Time Limits and NDA/Confidentiality Agreements

Friday, June 8th, 2012

It is common for companies to share confidential information with a third party in order to achieve an operational objective, where the third party may be a prospective joint venturer, an acquirer, an investor or even a client.  Prior to disclosing such confidential information, however, these same companies usually require the execution of a confidentiality/non-disclosure agreement by the other party.

This blog has previously discussed issues surrounding confidentiality/non-disclosure agreements.  Today’s topic however is specific: the time limits, if any, that should be considered in such agreements.

Most companies if given a choice would prefer to include in their  NDA/confidentiality agreements a perpetual term, which essentially means that the confidential information can never be disclosed by the third party except in limited circumstances.  Often times however, this desire is diluted in the course of negotiations, leading to a final agreement containing just a limited time for confidentiality, ie, for example, 2, 5 or even 10 years. 

Unbeknownst to such parties, agreeing to this watered-down time limit may lead to substantial future risks with regard to confidential information.  An example is the California case of Silicon Image, Inc. v. Analogk Semiconductor, Inc.   In furtherance of its goal to protect its confidential information, Silicon Image took numerous prudent steps to protect its trade secrets, including: i) requiring its own employees, customers and business partners to sign confidentiality agreements; ii) maintaining a key card access system and by requiring visitors to sign in to protect its trade secrets; iii) protecting computer systems through network security and access control; iv) labeling confidential proprietary information and watermarking all information disclosed outside the company with the name of the individual receiving the information; and, v) providing training sessions to employees on its trade secret protection program.

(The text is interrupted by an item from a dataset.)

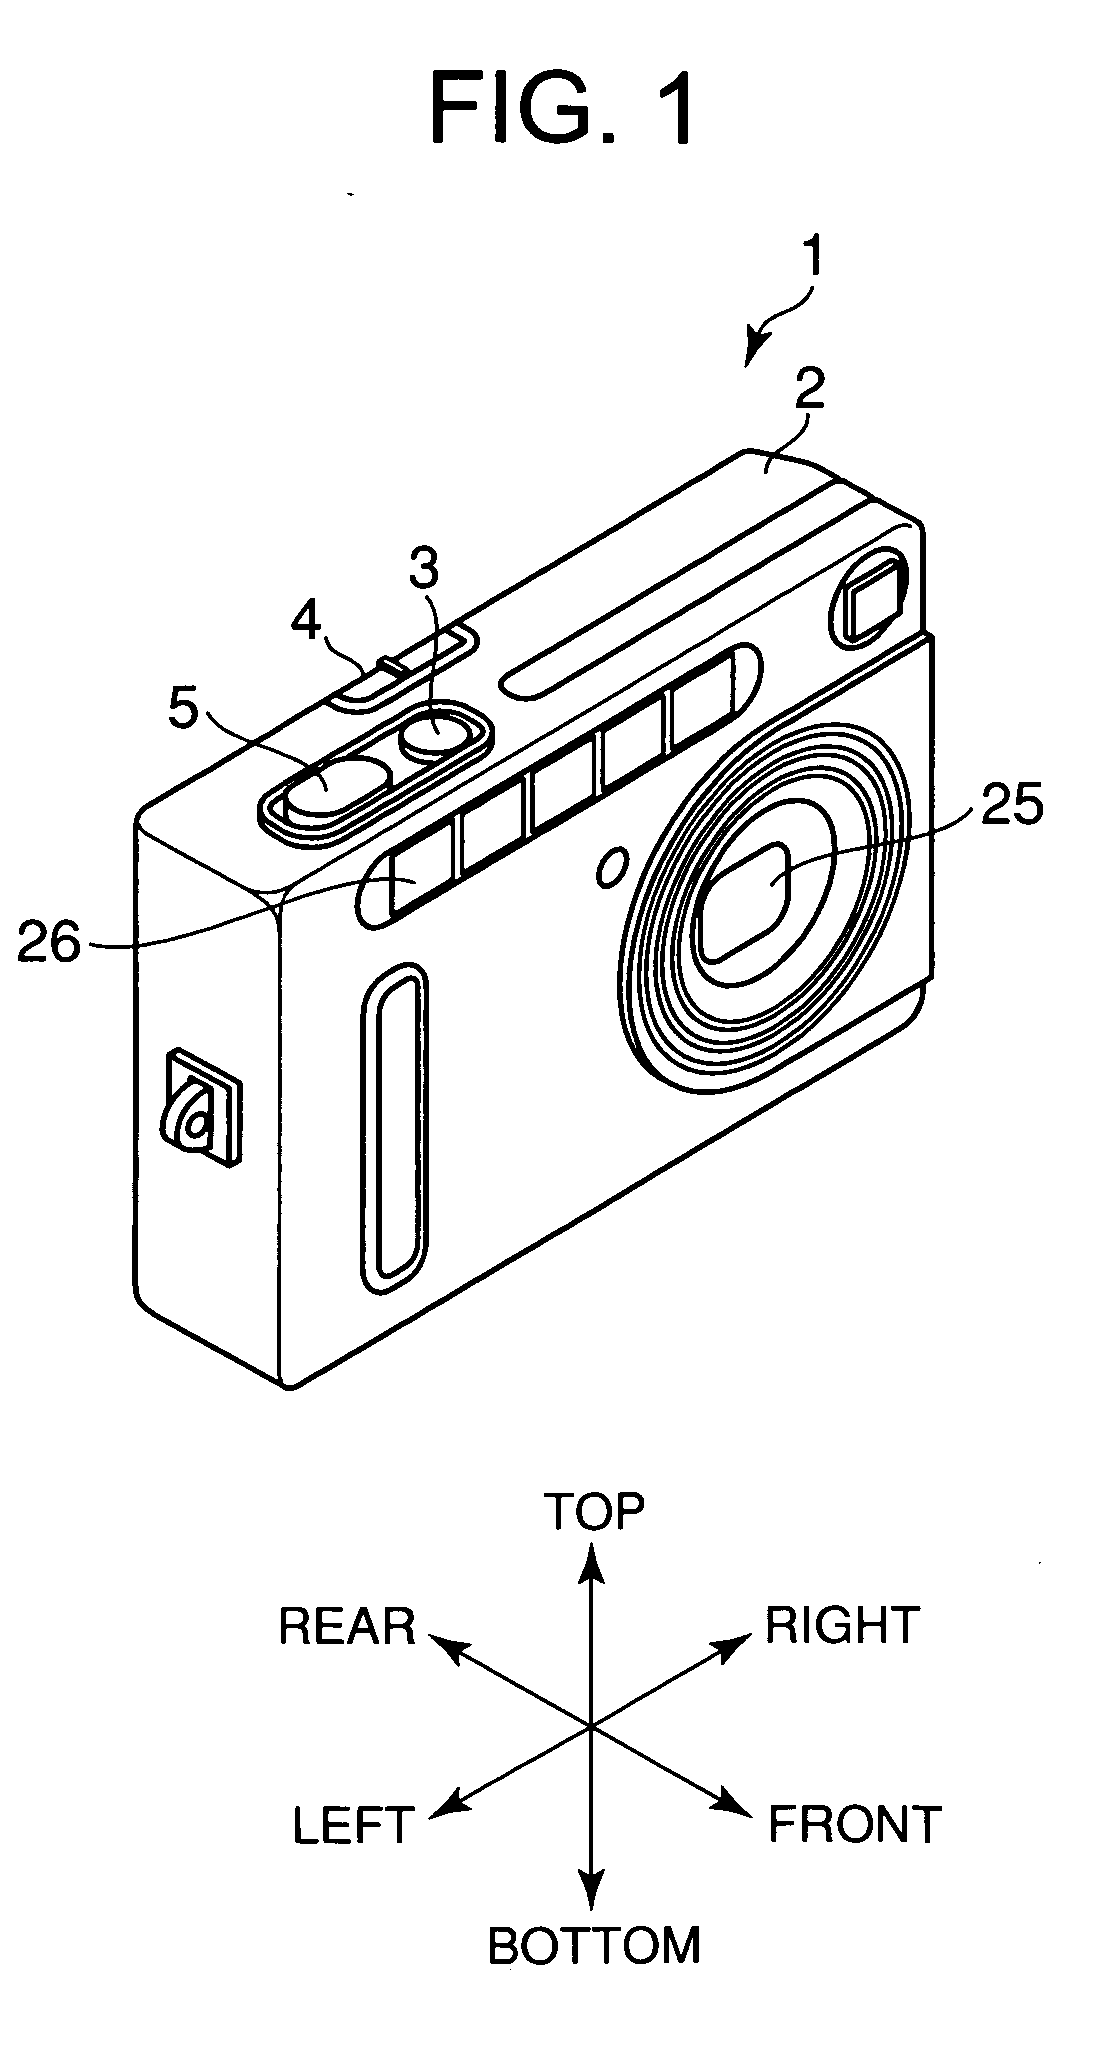 Electronic camera having light-emitting unit

Yet in spite of its strict adherence to the protection of its confidential information, Silicon Image decided to limit the term of its confidentiality agreements to a set number of years, instead of a perpetual term, due to the fact that that’s what other high-tech companies were doing, and due to the fact that many partners, investors and other third parties pushed back and refused to execute non-disclosure agreements containing a perpetual duration of confidentiality.

Despite its best practices described above, Silicon allowed itself to frequently enter into confidentiality agreements with terms of 2 to 4 years, which proved to be a serious error when the time came for Silicon to seek a preliminary injunction in California Court against a competitor it alleged misappropriated its confidential information.

In denying Silicon’s request for a preliminary injunction, the Court analyzed whether Silicon Image made reasonable efforts to protect its confidential information.  One of the key factors the Court focused on was whether or not the non-disclosure agreements between Silicon Image and its customers and distributors provided adequate protection.  Unfortunately for Silicon, the Court concluded that reasonable steps to protect trade secrets were not shown by Silicon, pointing particularly to the time limits included in its confidentiality agreements.

The Court held that “one who claims that he has a trade secret must exercise eternal vigilance,” requiring all persons to whom a trade secret becomes known to acknowledge and promise to respect the secrecy in a written agreement.  A time limit contained in an NDA demonstrated to the Court that Silicon’s own expectations of maintaining its trade secrets were time limited and, thus, a failure to demonstrate “eternal vigilance” over its trade secrets. 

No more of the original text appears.